# Big Problems with my Tealights.... I NEED HELP!



## honeyshack (Jan 6, 2008)

my first guess is the wrong wick, second guess, honey or pollen still in the wax

I will go to the BB web site and look at the wick for tealights

Did you render your own wax?


----------



## David0504 (Jan 18, 2009)

I have the same problem with my votives. I have tried different wicks as well and nothing seems to work. It is very frustrating to talk to other beekeepers who make candles and they say, "My votives / tealights burn fine."
David


----------



## honeyshack (Jan 6, 2008)

if you had to guage the size of your wick what would it be? You might need to compare it to some of your wicking on hand. Not just visual but also tactile.

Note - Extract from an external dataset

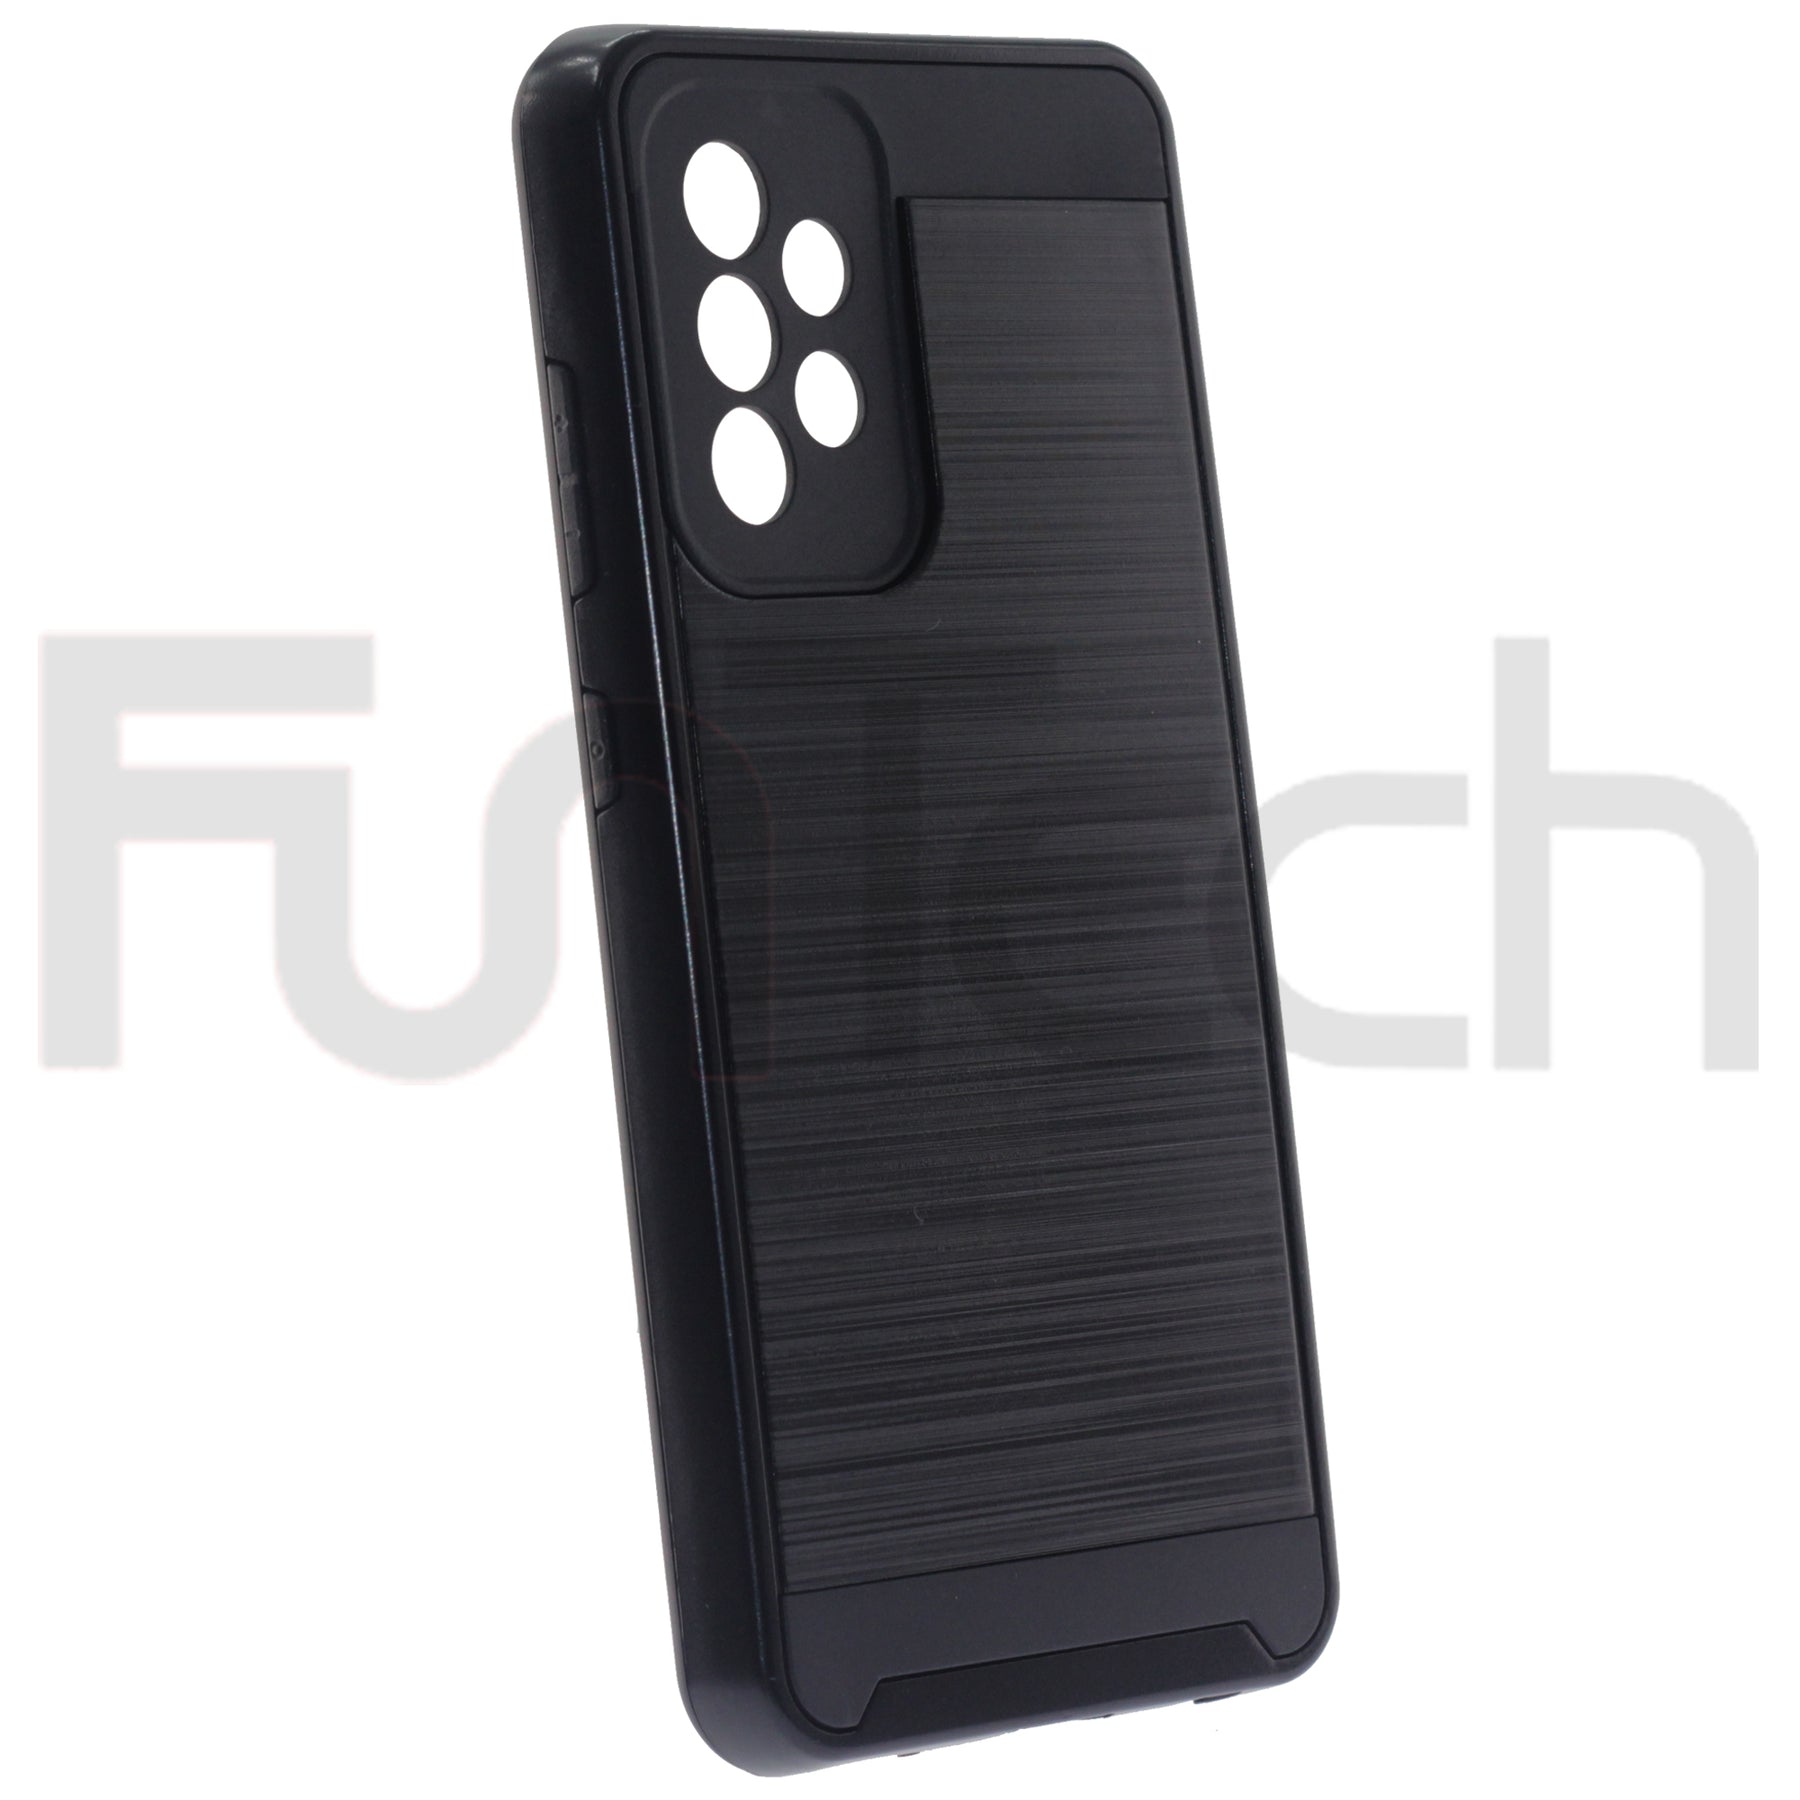 Samsung A52 (5G), Slim Armor Case, Color Black.

By placing both wicks between the finger and thumb, like checking of two nails are the same thickness


----------



## berkshire bee (Jan 28, 2007)

do you filter your wax after melting? My wax always gets filtered coming out of the melting pot and into the pouring pot through 100 mesh filter. What's left goes back into the melting pot and filtered again when it comes out. You'd be suprised at how "dirty" clean wax is.


----------



## Chef Isaac (Jul 26, 2004)

I think I solved the issue. I went to the honey house today after work and grabbed some of the #2 squire braided wick and dipped it into the beeswax and then let it cool and put a base on it and pour three tealights. Now I am burning them and so far so good.


----------